Using a multiplier equal to the average tuition and fee charges from the past 25 years, my chart suggests that tuition and fee charges for four-year public institutions will double, in real dollars, within 17 years to $18,586. Let me again put this in perspective. If we could fast forward to the year 2031, sending your child or grandchild to college would be akin to shelling out $18,586 from your pocket, your savings, your IRA, or your PLUS loan today. And I need only say that this is only tuition and fees. Typically, room and board costs about as much as tuition and fees at four-year public institutions. In fact, it costs more on average.

Two-year public institutions will double to $6,660 in 23 years, or by 2037-38. Four-year private institutions increase at the slowest rate and will double in 27 years to $62,039. The privates get a lot of flack for their high prices, which is sometimes justified. But they historically have the lowest increases annually and I expect that trend to continue.

Of course, this is sticker price we are discussing and not net price, as some critics will surely argue. If it was the latter, one had better have a psychologist on hand with the pulmonary surgeon to play that game. Net prices are very pliable and depend on many factors to determine what is real for everyone. They are an important and useful tool, but gross sticker price is better for some level of analysis, even when we know there are grants and loans, including the ever important institutional aid, that impact the true cost of attending college. So I remain guilty and unapologetic for these limitations.

What do these data mean in the end? Not good, to be sure. And every year I calculate these data the message will remain largely the same because the system is not changing and may not change by the time we get into the 2030s. The problem is that we are utilizing an expensive, outmoded system of education to educate a broader spectrum of society, at a time when both the economy is down and states are relinquishing their responsibility to their citizens. The formula is for economic disaster in a private and public scale.
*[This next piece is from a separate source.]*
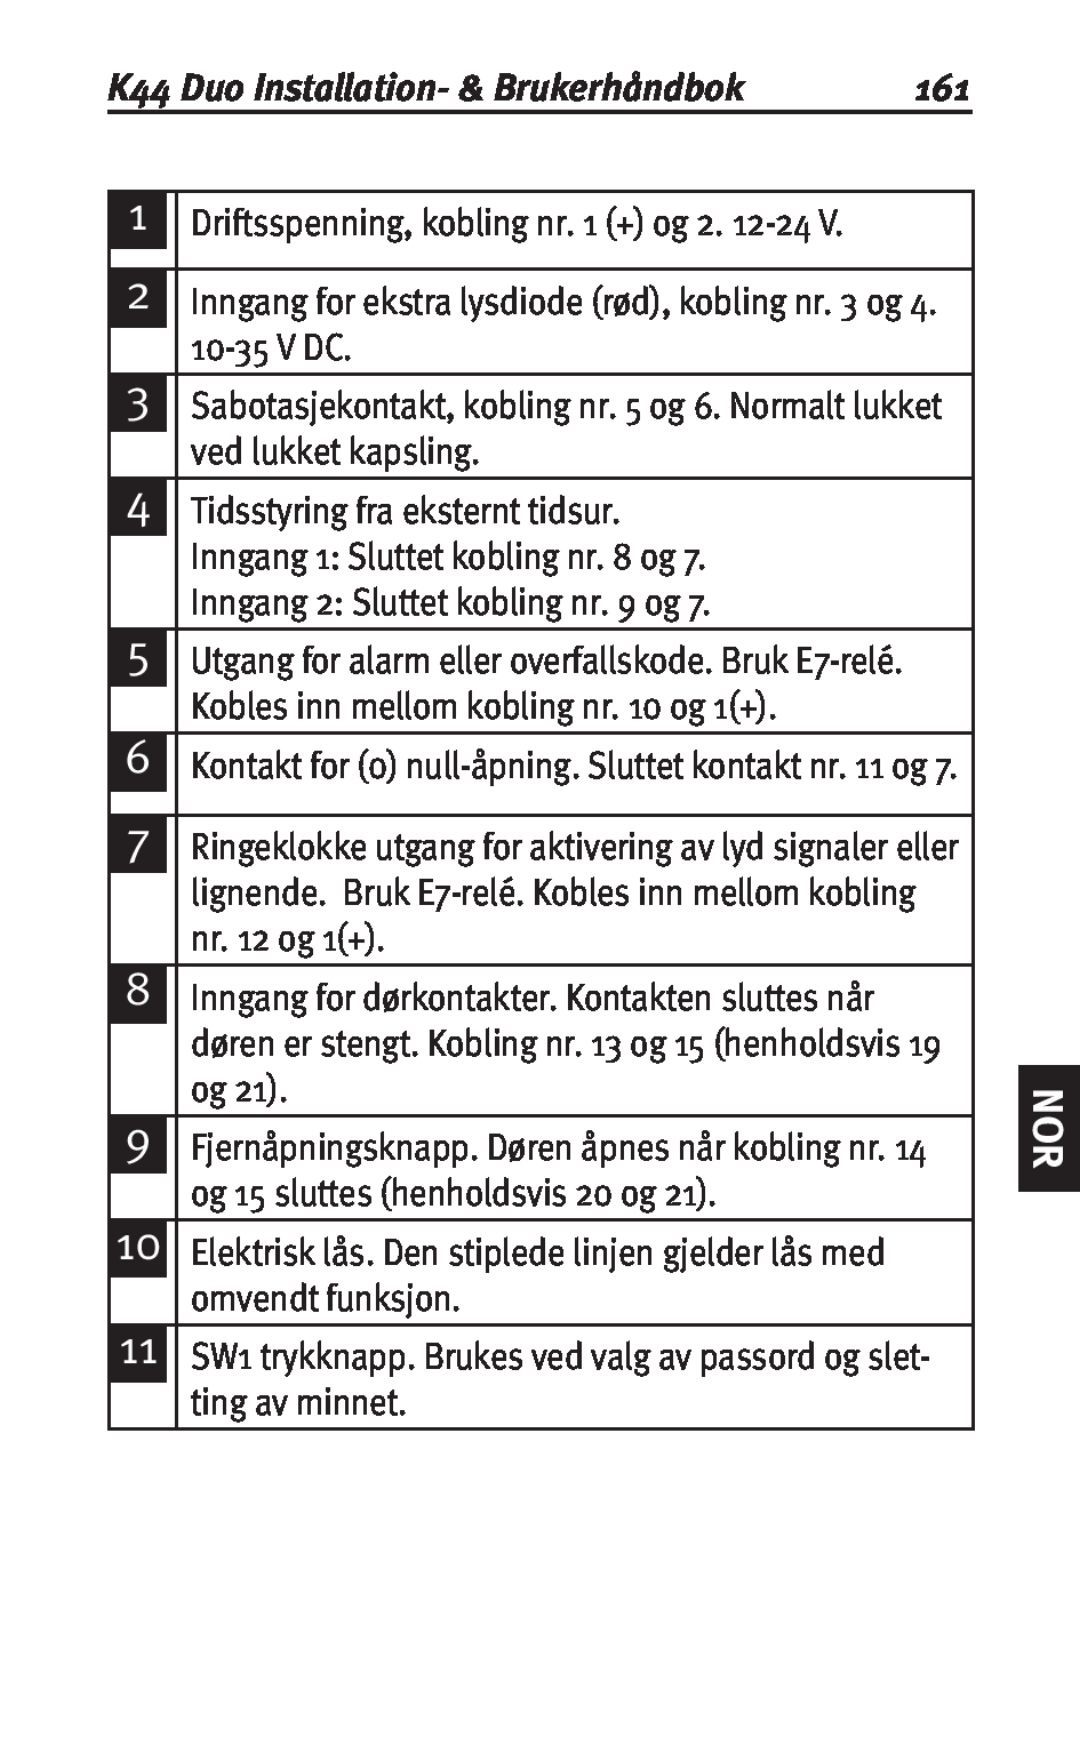 Siemens user manual K44 Duo Installation- & Brukerhåndbok

I have never been a fan of free tuition, because that tends to be awfully regressive public policy that favors the affluent. However, if higher education is so critically important to this nation as our policymakers, policy wonks, researchers, business and industry experts, and educators say it is, why are we forcing people to empty their retirement funds to pay for their child’s higher education? Why are we forcing students to take on incredible debt burdens to help pay for their college (I say “help,” because they have already paid through other means for much of the non-borrowed sum)? Because higher education is a state concern in the US and a provincial one in Canada, it is difficult to come up with federal policy that could help redefine the system of accessibility and affordability. Some states (e.g., Oregon) have talked about creating a low-cost or even free system, but the discussion gets mired in issues of upfront costs (if you make college free, where does the immediate funding come before future-to-be-taxpayers help make up the difference) and the worry of brain drain (e.g., students living in Oregon get free tuition but then move to Washington state). If policy could be created on a national level, these issues would be somewhat ameliorated.

Until we find some future solutions, whether in efficiencies, changes in the length of degree (see Steve Trachtenberg’s piece on this), or changes in our credential requirements (e.g., short term certificates and competency-based badges), the chart will remain about the same. The only changes will come from either the items I just mentioned, or because of some massive change in legislation or a critical change at the global, economic level. That’s it.

While we herald colleges and universities for helping keep prices down over the past few years, we know they would raise tuition and fee charges higher if they could. The incentive for keeping prices in lock is insignificant. Everyone wants a little more. It’s the nature of the beast.